>>>
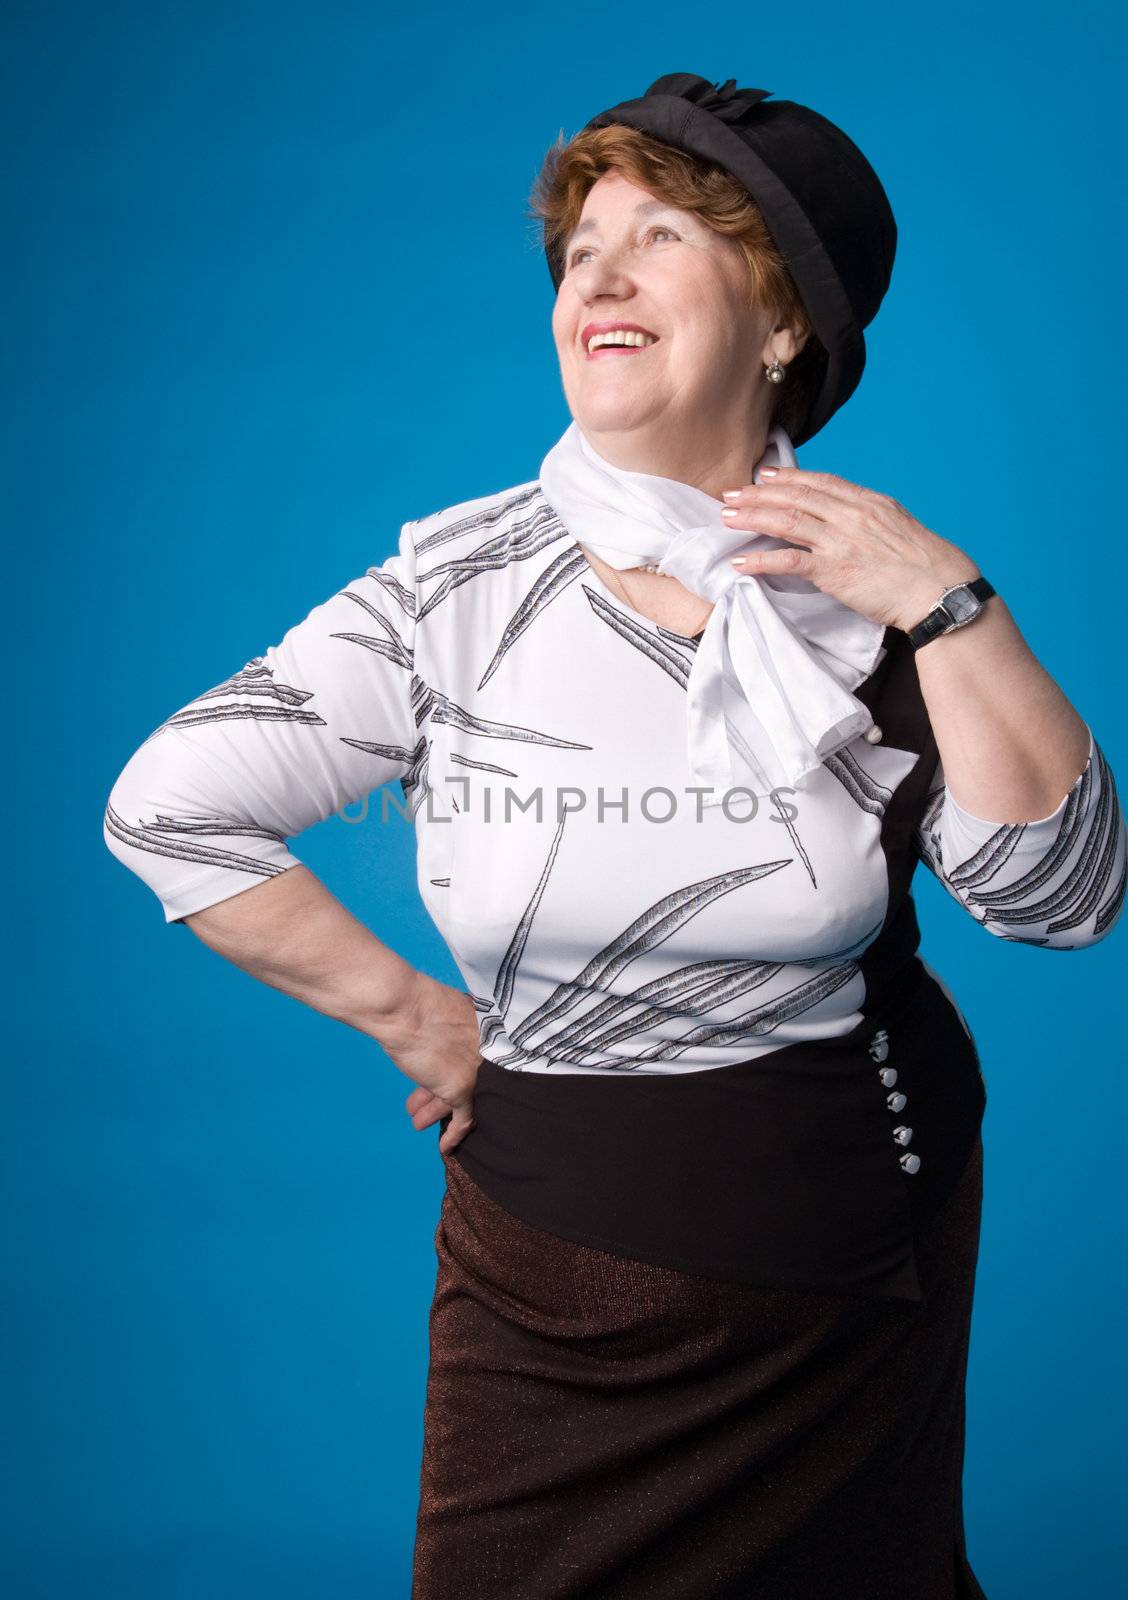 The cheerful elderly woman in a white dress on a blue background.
<<<
>>>
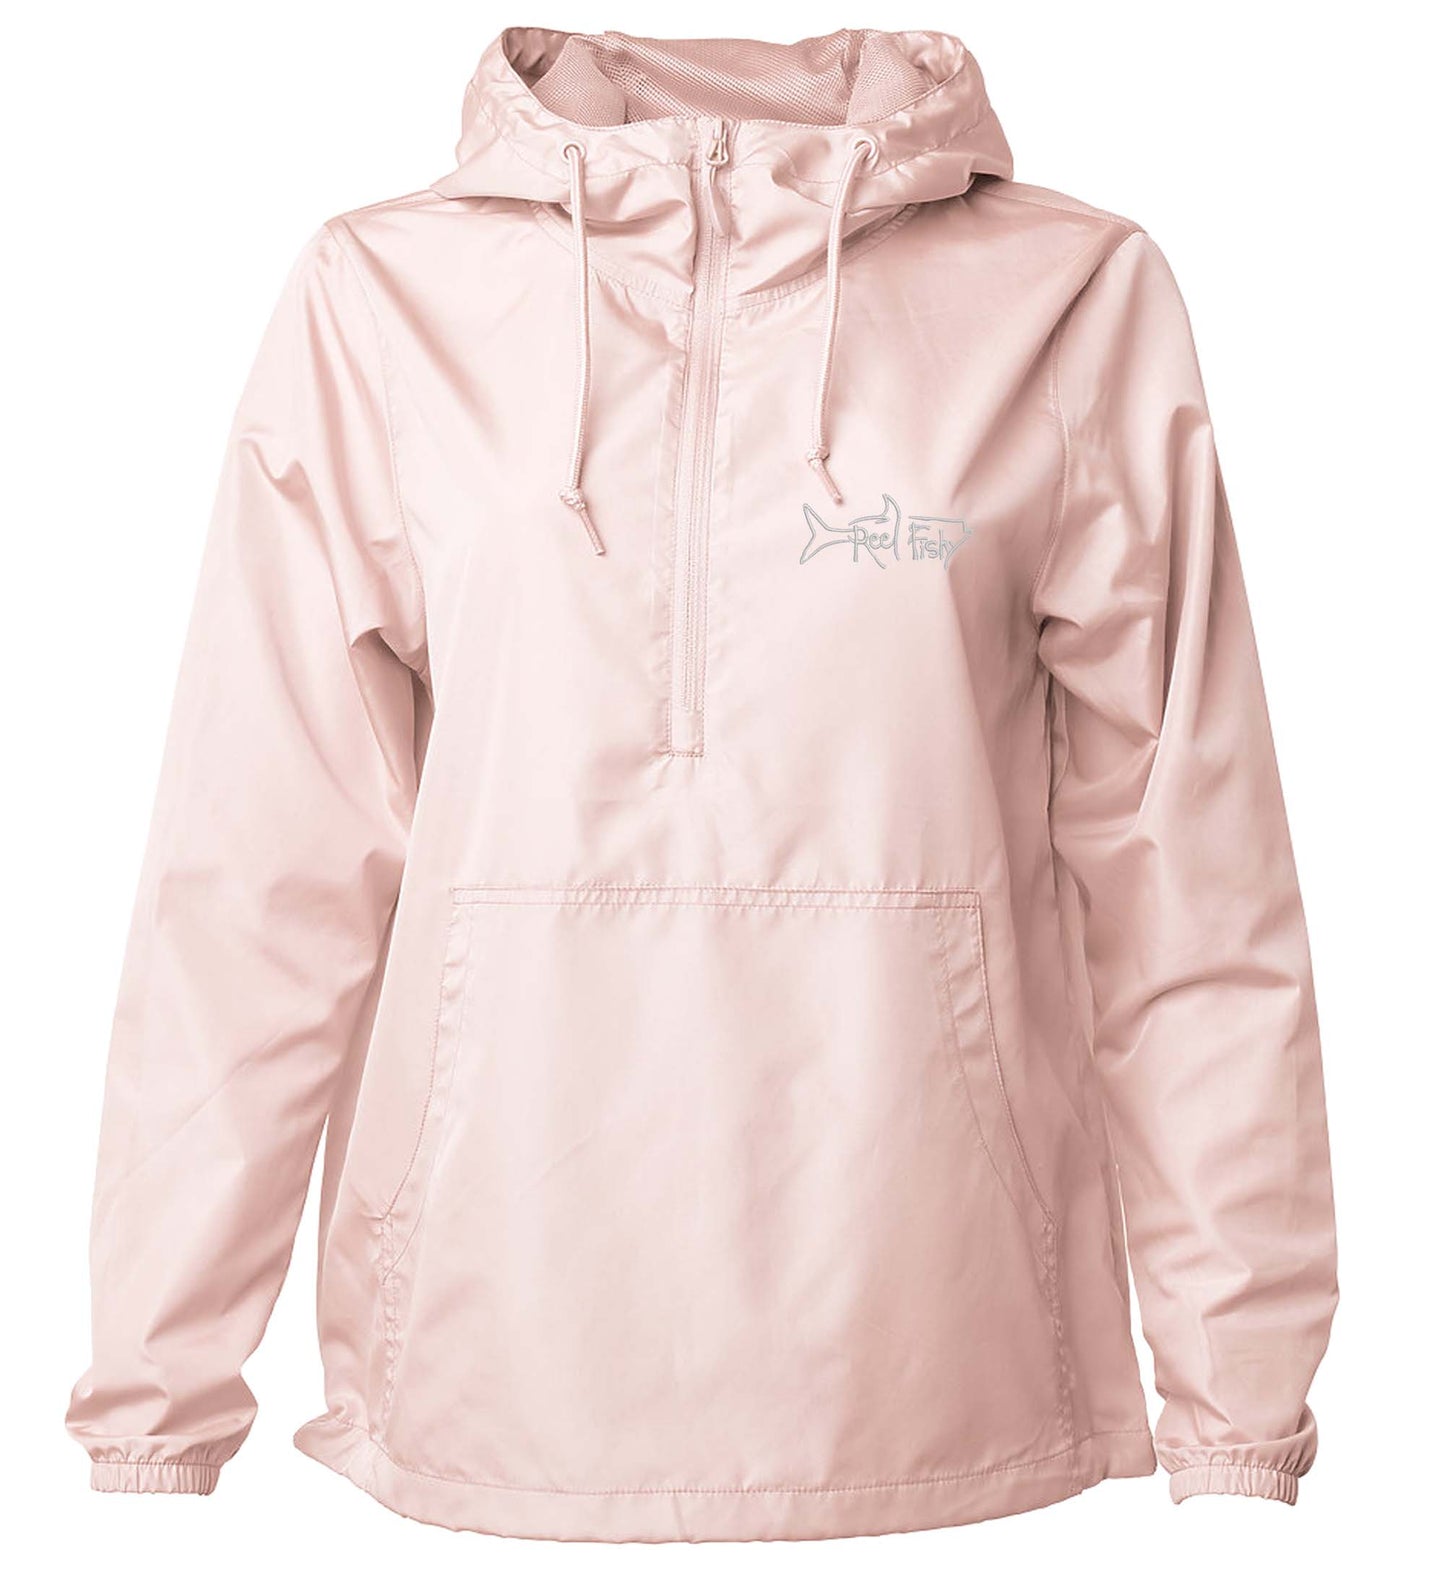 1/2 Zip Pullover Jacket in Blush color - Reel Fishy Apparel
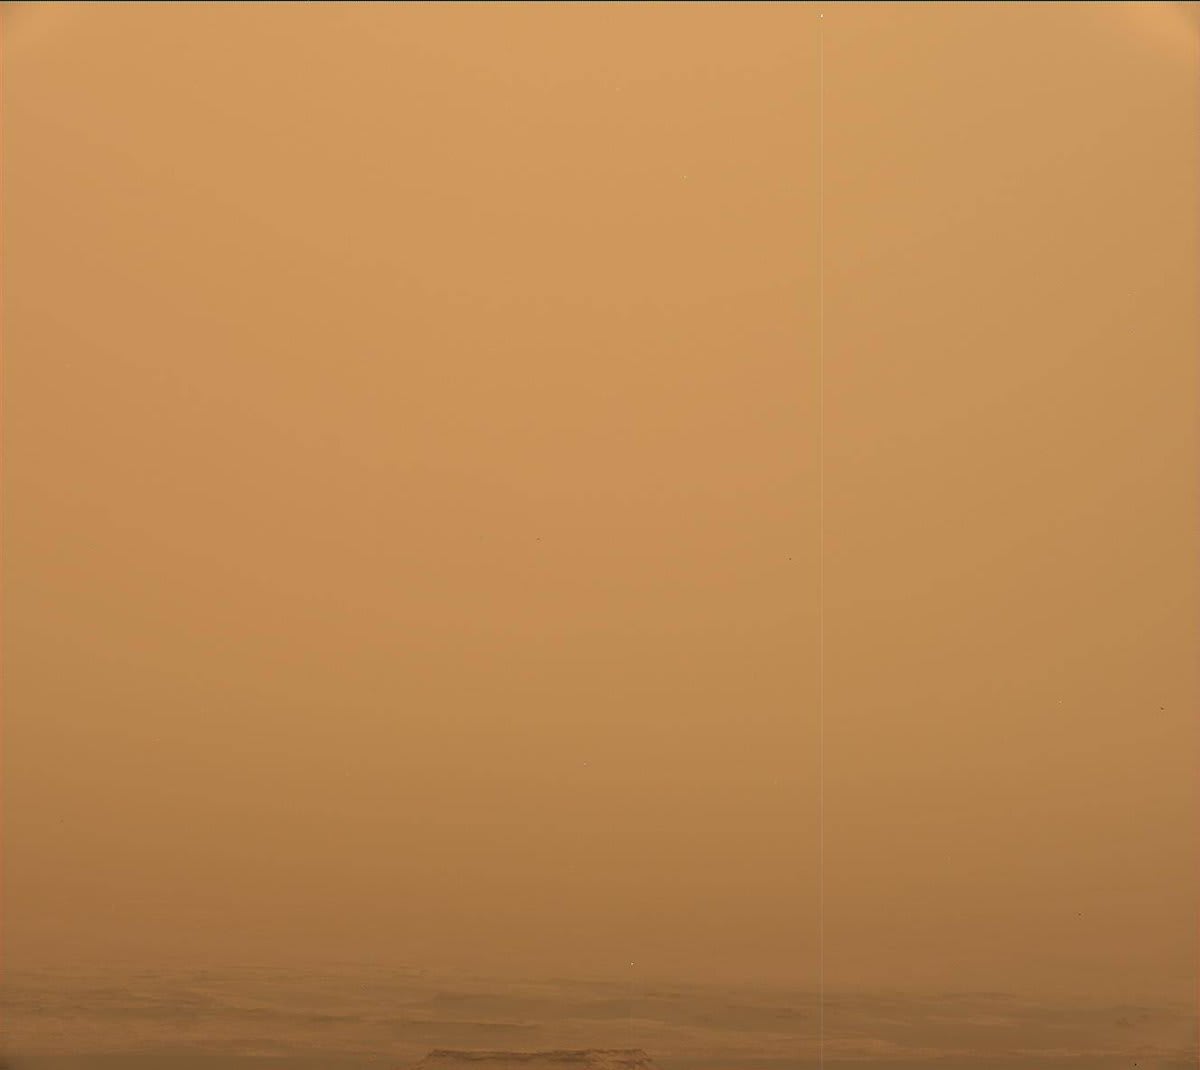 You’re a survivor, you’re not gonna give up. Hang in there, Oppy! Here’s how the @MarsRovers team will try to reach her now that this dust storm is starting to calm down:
<<<
Problem statement
Look above for the line holding "1/2 Zip Pullover" and output everything from it down to the line holding "You’re a survivor, you’re", both ends included, exactly and without images.

Result of this exercise
 1/2 Zip Pullover Jacket in Blush color - Reel Fishy Apparel
 You’re a survivor, you’re not gonna give up. Hang in there, Oppy! Here’s how the @MarsRovers team will try to reach her now that this dust storm is starting to calm down:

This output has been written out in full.